▸ Problem description: Your answer should hold only the lines from the start of the data below through the line with "Fauvism Kinetic Zebra", copied exactly, with pictures left out.

▸ Available data:

====

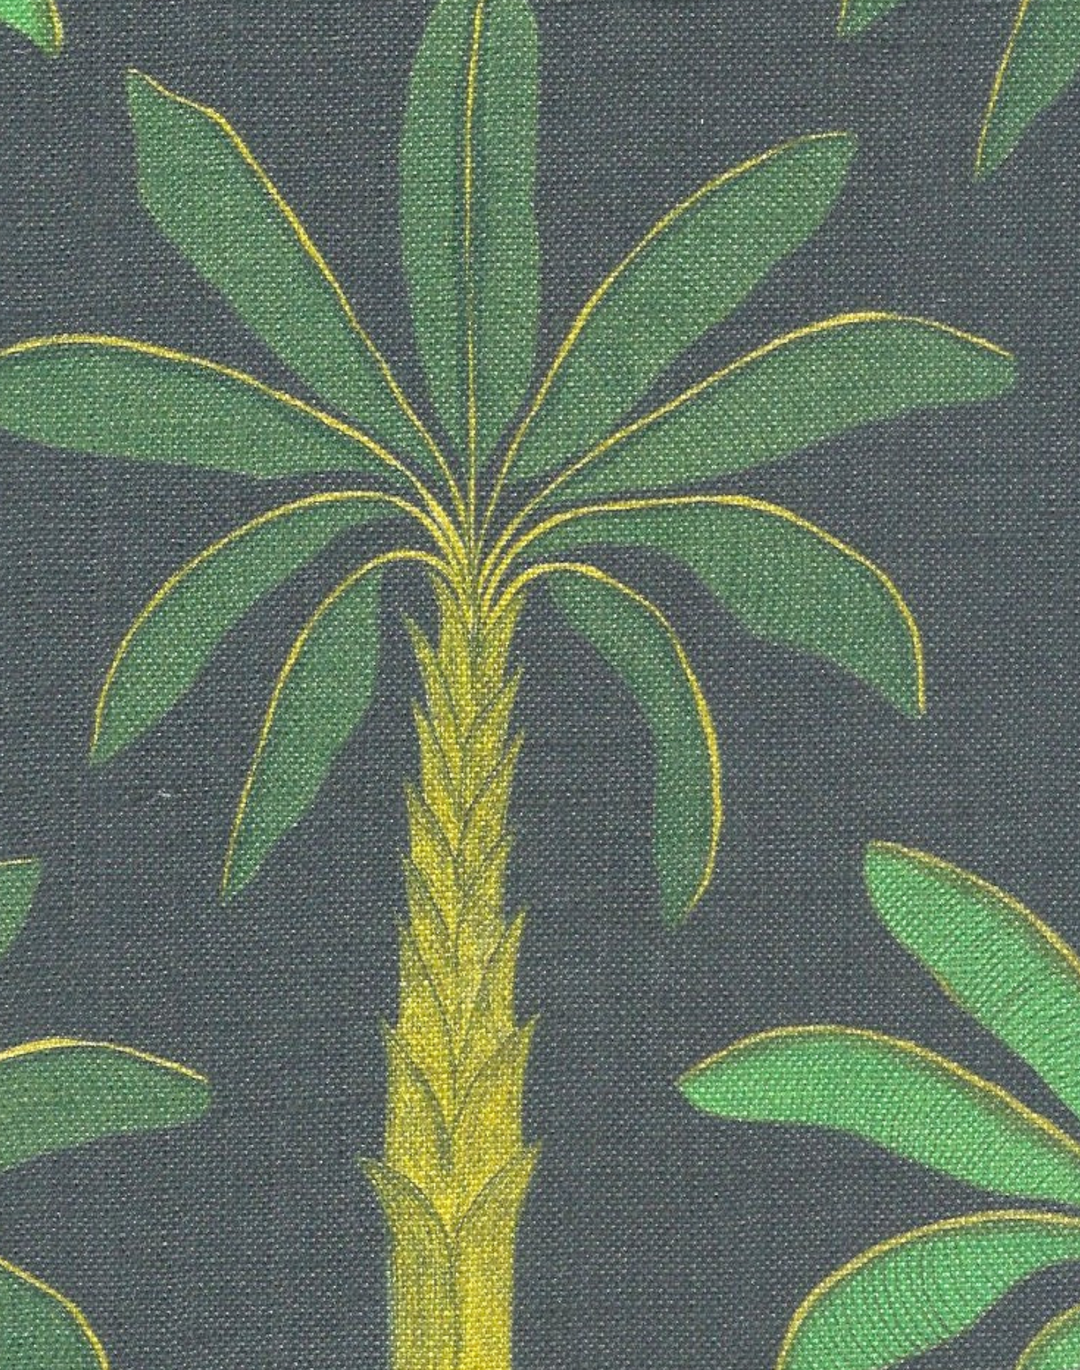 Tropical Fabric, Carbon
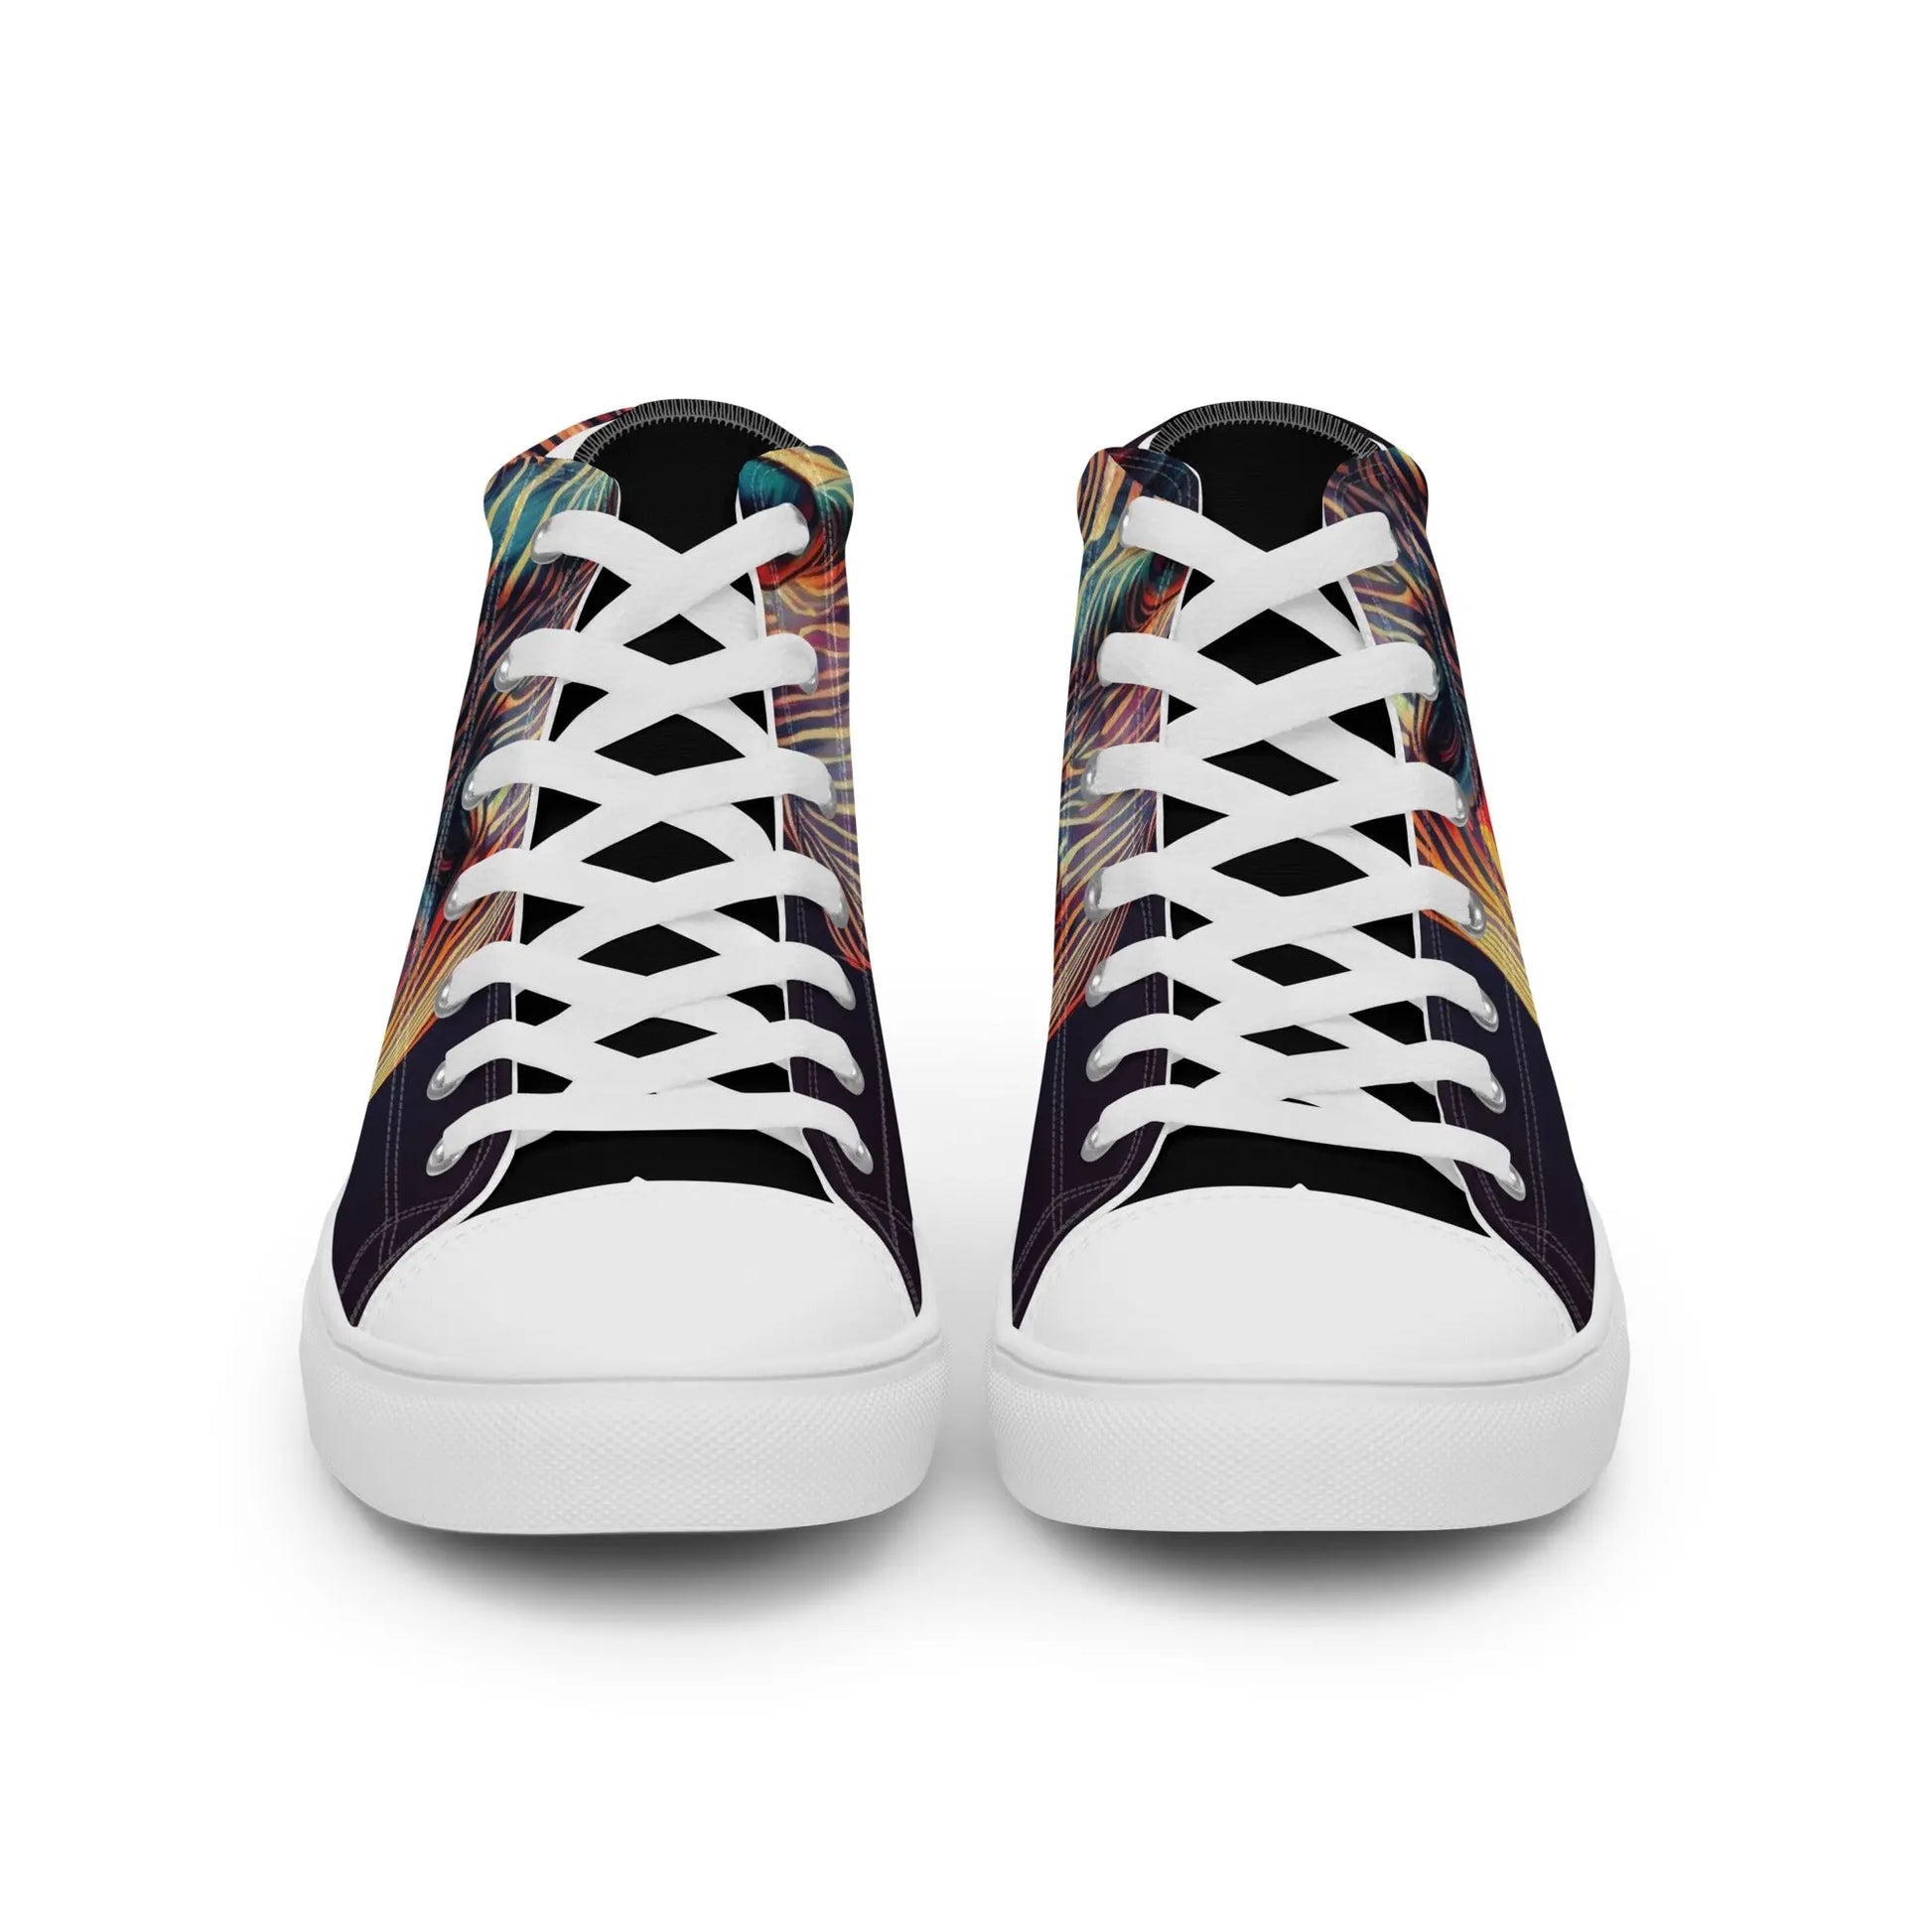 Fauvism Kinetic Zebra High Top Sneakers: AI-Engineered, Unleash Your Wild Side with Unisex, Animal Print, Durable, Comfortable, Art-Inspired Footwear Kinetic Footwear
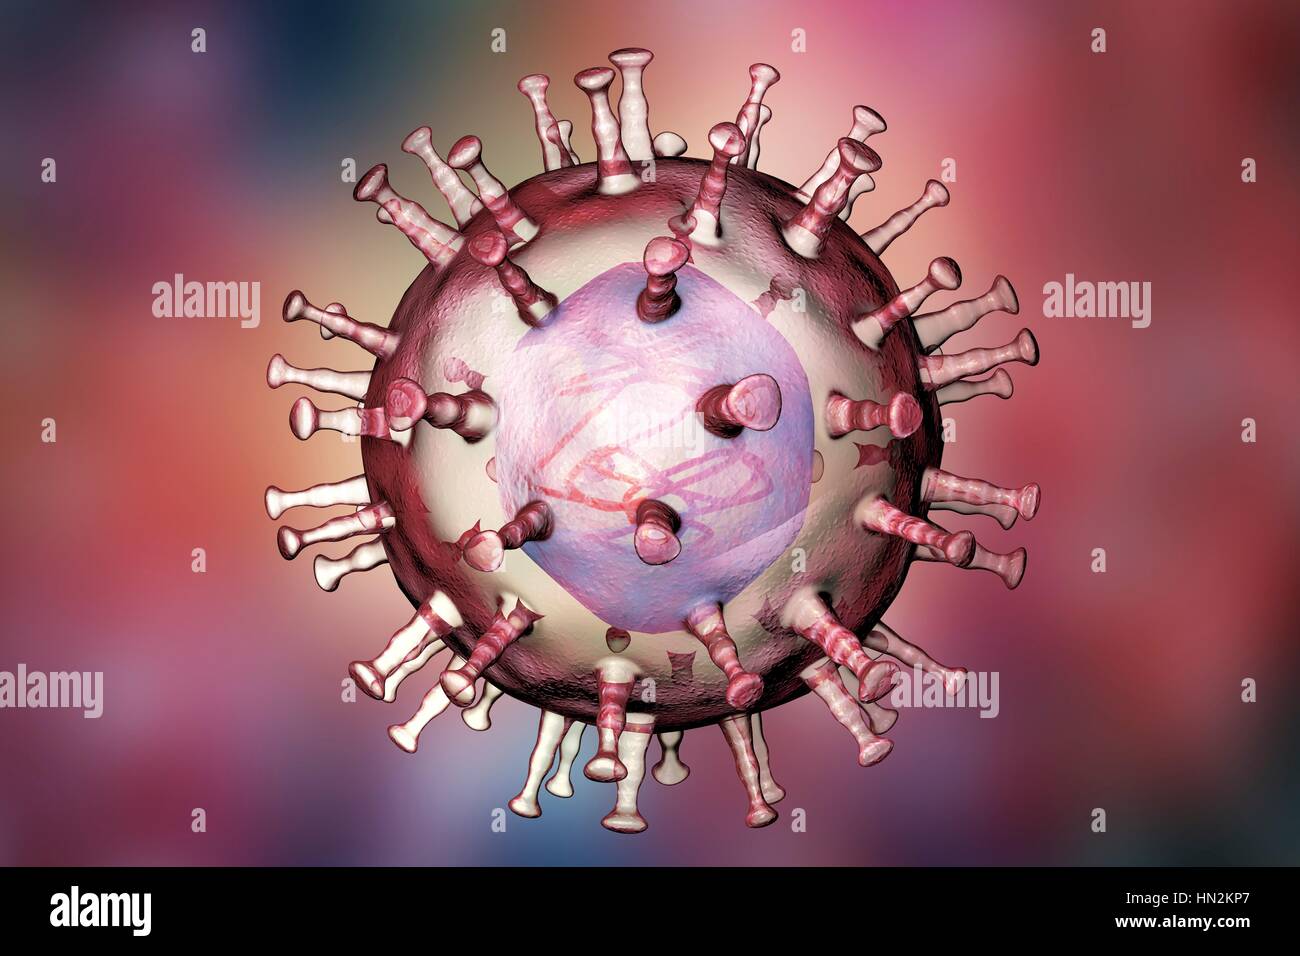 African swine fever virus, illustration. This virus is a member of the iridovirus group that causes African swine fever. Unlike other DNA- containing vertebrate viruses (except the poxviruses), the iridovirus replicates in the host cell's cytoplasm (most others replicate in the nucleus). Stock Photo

====

▸ Your response:
 Tropical Fabric, Carbon
 Fauvism Kinetic Zebra High Top Sneakers: AI-Engineered, Unleash Your Wild Side with Unisex, Animal Print, Durable, Comfortable, Art-Inspired Footwear Kinetic Footwear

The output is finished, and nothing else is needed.